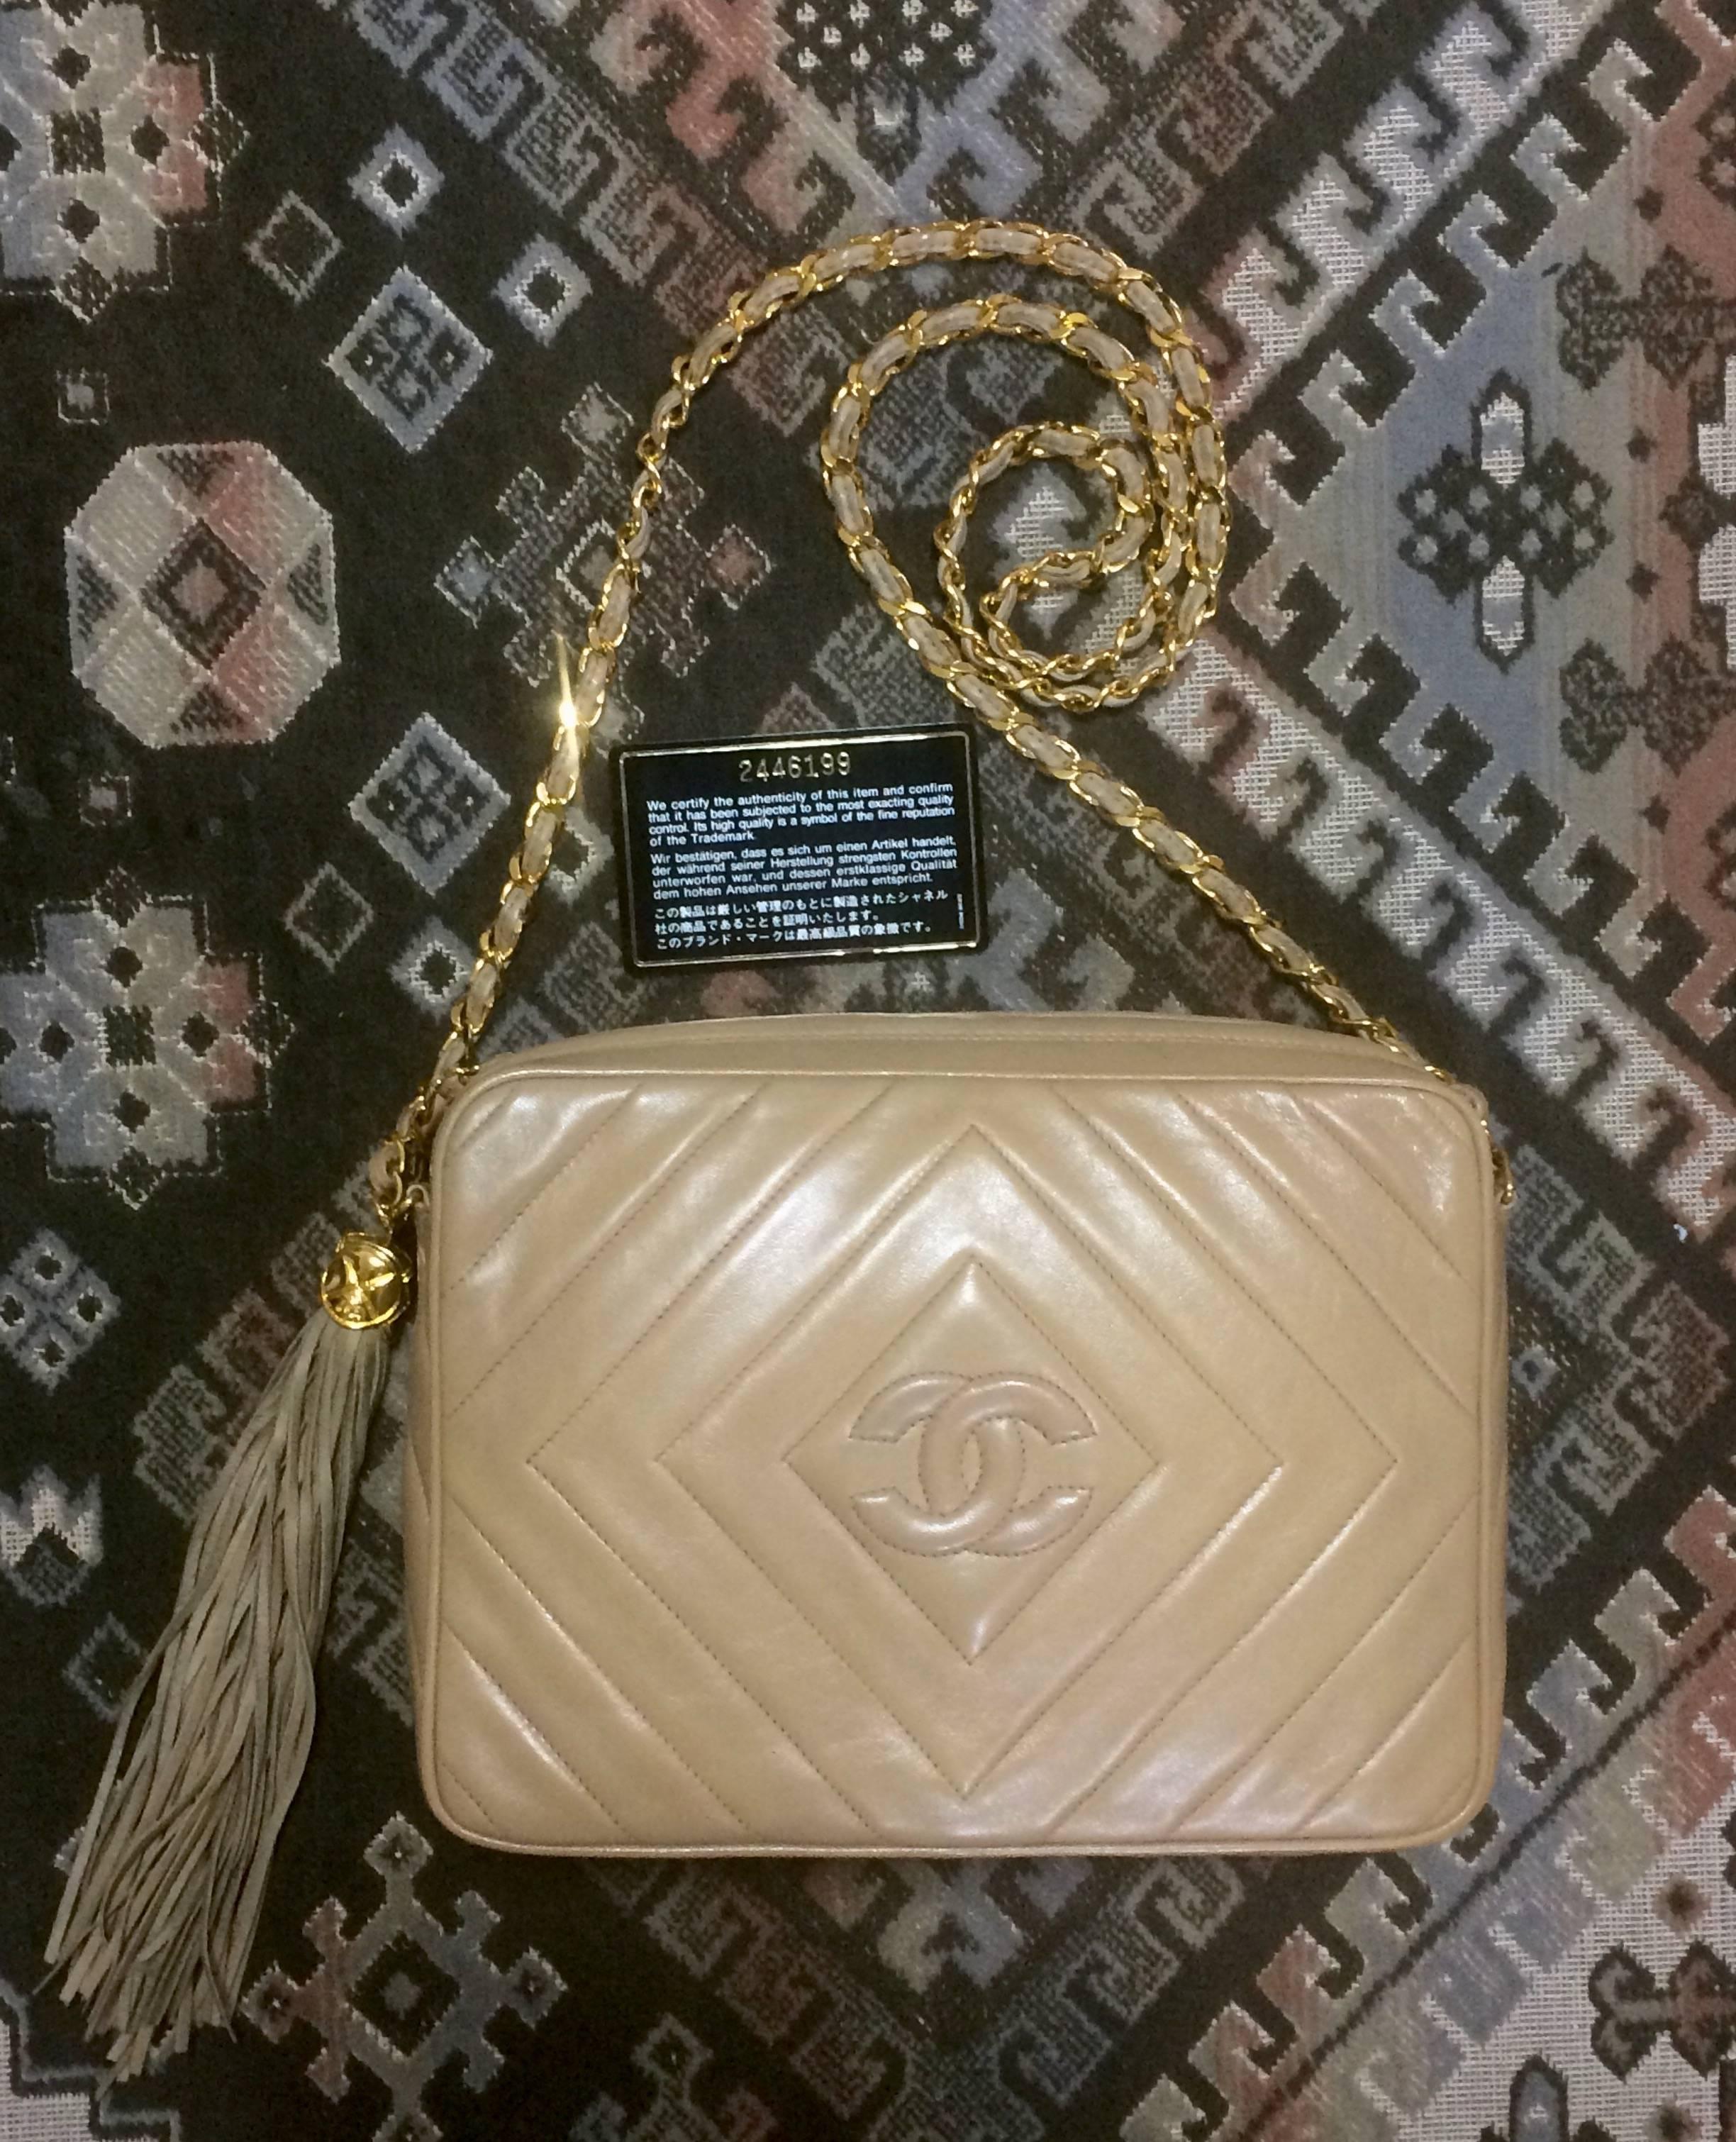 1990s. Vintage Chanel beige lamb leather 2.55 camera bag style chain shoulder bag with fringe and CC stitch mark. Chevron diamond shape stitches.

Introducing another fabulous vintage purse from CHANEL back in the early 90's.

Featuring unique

◆ What you should do:
Wherever an image appears in the data, omit it and repeat everything else exactly.

◆ Expected output:
 1990s. Vintage Chanel beige lamb leather 2.55 camera bag style chain shoulder bag with fringe and CC stitch mark. Chevron diamond shape stitches.

Introducing another fabulous vintage purse from CHANEL back in the early 90's.

Featuring unique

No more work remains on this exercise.